Homography estimation from circular motion for use in visual control

https://doi.org/10.1016/j.robot.2014.05.012Get rights and content

Highlights

  • Only one point rotating at constant velocity around a single axis is required.

  • The proposed method estimates the homography and the angular velocity of the rotating point.

  • All the measurements required in the estimation can be obtained in the image.

Abstract

This paper presents a new method for estimation of the homography up to similarity from observing a single point that is rotating at constant velocity around a single axis. The benefit of the proposed estimation approach is that it does not require measurement of the points in the world frame. The homography is estimated based on the known shape of the motion and in-image tracking of a single rotating point. The proposed method is compared to the two known methods: the direct approach based on point correspondences and a more recently proposed method based on conic properties. The main advantages of the proposed method are that it also estimates the angular velocity and that it requires only a single circle. The estimation is made directly from the measurements in the image. Because of the advantages of the proposed method over the other methods, the proposed method should be simple to implement for calibration of visually guided robotic systems.

All the approaches were compared in the simulation environment in some non-ideal conditions and in the presence of disturbances, and a real experiment was made on a mobile robot. The experimental results confirm that the presented approach gives accurate results, even in some non-ideal conditions.

Introduction

Camera calibration is one of the fundamental tasks in computer vision. Results of many computer vision algorithms depend on good camera calibration, e.g. image rectification, 3D reconstruction, visual servoing, etc. The problem of camera calibration has been addressed by many authors, and the topic is normally addressed in every computer vision book, e.g.  [1]. The conventional calibration approaches normally require a special preparation of the working environment, usually by insertion of an object with known dimensions into the environment, like a chessboard pattern  [2], [3], [4], a pattern of circular markers  [5], or other conic patterns  [6], [7], [8], [9], [10], etc. Different calibration procedures use different camera models that give different accuracies. Normally it suffices to use only a basic pinhole camera model, but this model gives inaccurate results in presence of large lens distortions, so a more general model must be considered  [4], [11]. The applicability of a particular method depends on the environment in which the method is to be used.

The conventional calibration techniques  [2] are based on estimation of the camera model from a set of non-coplanar world points and their images using the least squares or some other minimization algorithm, and decomposition of the estimated model (normally in matrix form) into the camera intrinsic and extrinsic parameters. Zhang  [3] proposed a similar approach that is also based on decomposition, but from a set of homography matrices. This work focuses on estimation of the homography, a transformation that relates two planes under perspective projection.
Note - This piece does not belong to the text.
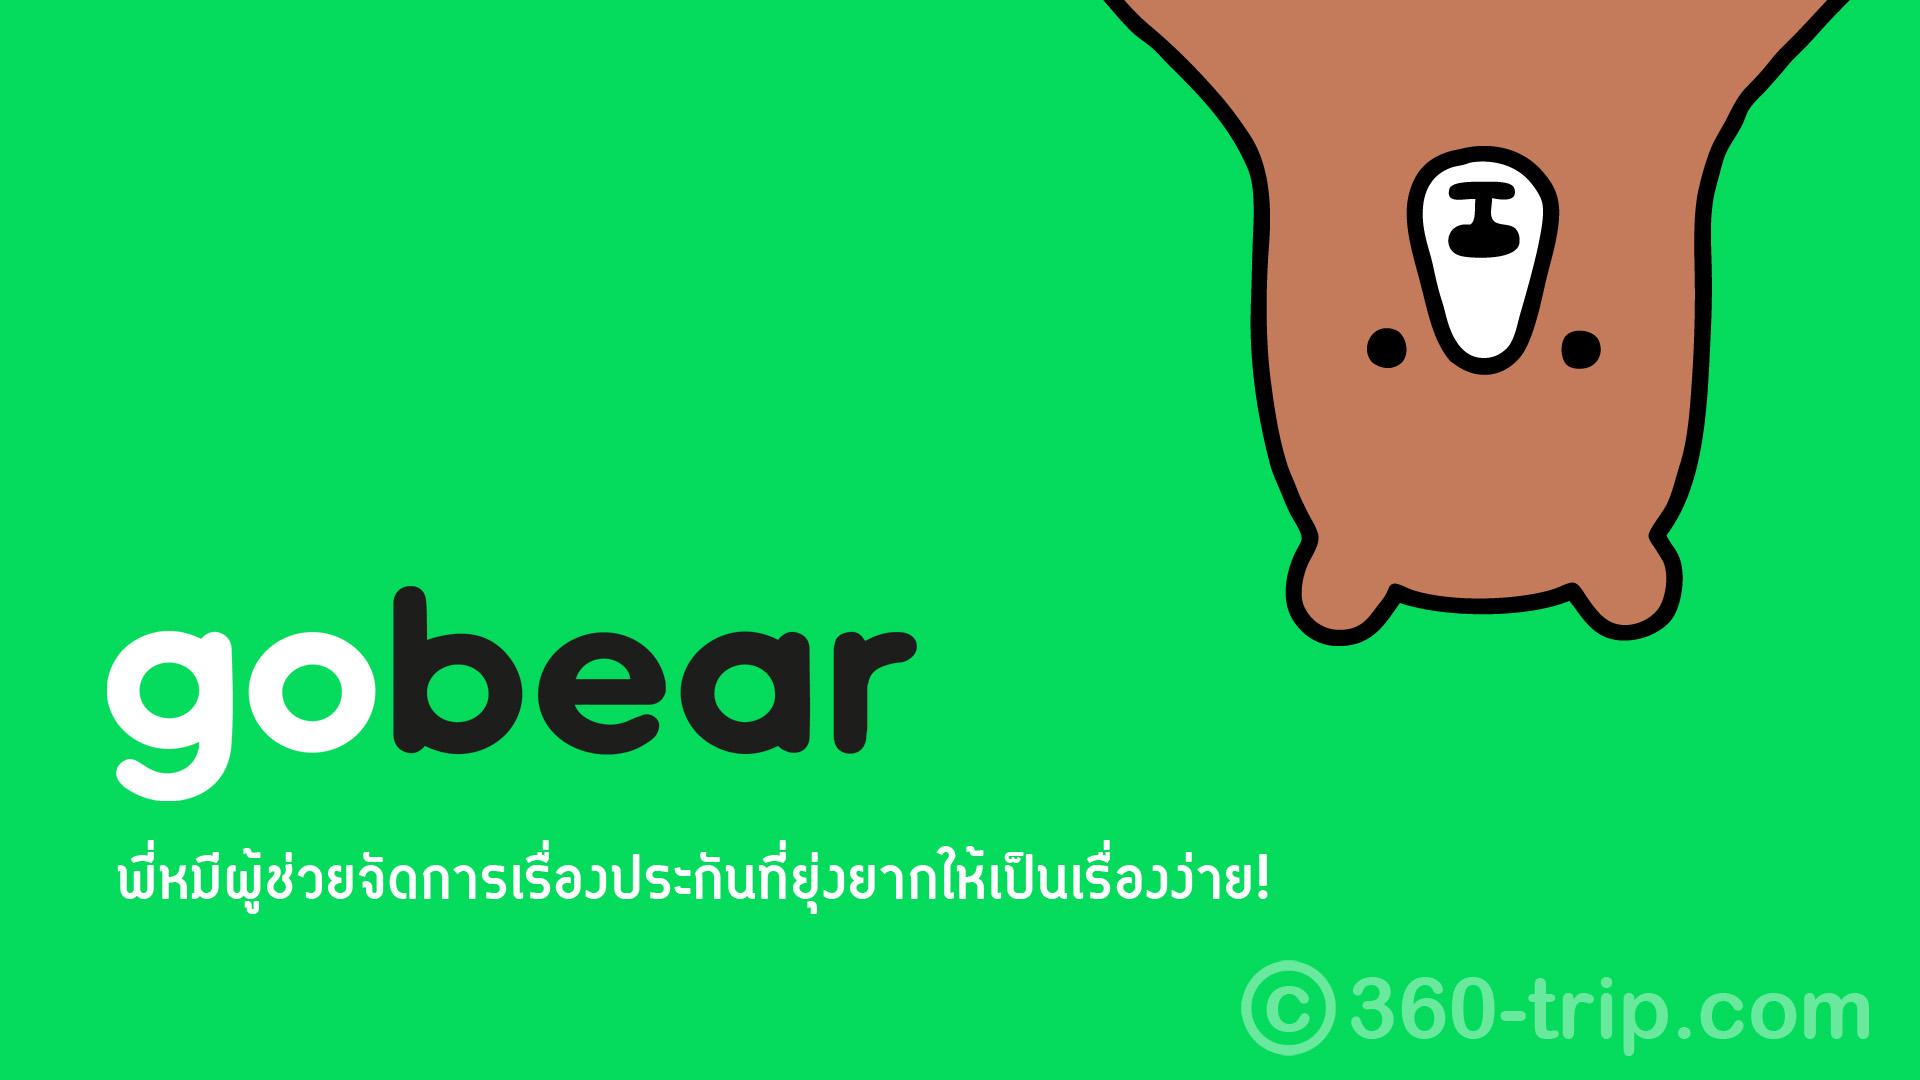 gobear-financial-meta-search-โกแบร์-ประกันรถ-ประกันเดินทาง

In computer vision, a homography is normally used to describe the relation between two image planes, an image plane and a world plane or two world planes. There exist well known algorithms for extraction of the camera intrinsic and extrinsic parameters from multiple homographies that all relate to the same image plane  [3]. In this paper we investigate several homography estimation techniques that can easily be deployed in visually guided robotic systems. The basic idea is to use robot motion in order to eliminate the need for special preparation of the environment solely for the purpose of camera calibration.

Recently, many approaches for camera calibration that are based on studying the invariance of the conics under perspective transformation have been proposed. Sugimoto  [6] presented the estimation from seven corresponding conics by solving an over constrained algebraic set of equations. It has been shown that at the minimum a pair of conic correspondences is needed for estimation  [7]. Many authors studied different configurations of conics: coplanar circles  [9], [10], lines intersecting the circle centre  [12], concentric circles  [13], etc.

Wong  [14] studied self calibration from axial symmetric objects (surfaces of revolution), objects that are frequently found in man-made environments and have some special structure, but the exact geometry is not known. In this paper we present a calibration procedure for estimation of the homography up to similarity that is based on circular motion of some world point around the single axis. The method for camera calibration and 3D reconstruction from rotation of an object about a single axis was shown in  [15], [16]. The approach  [15] requires image tracking of several points in the rotating object. The method presented in this paper requires image tracking of only a single point, but it requires constant angular velocity, which is not required for the use of  [15].

Provided that camera intrinsic parameters are known, orientation and position of the camera with respect to the ground plane can be determined  [17]. In visual control, pose of the camera (object) with respect to some ground plane is a valuable piece of information that can be used to improve autonomy of many robotic tasks, like automatic landing of air-planes  [18], hovering and navigation of helicopters or quadrocopters  [19], etc. Once the transformation between the image and ground plane (homography) is established, a view from a virtual camera looking perpendicular to the ground plane can be obtained. The homography can be used directly in visual control of mobile robots  [20], [21], [22].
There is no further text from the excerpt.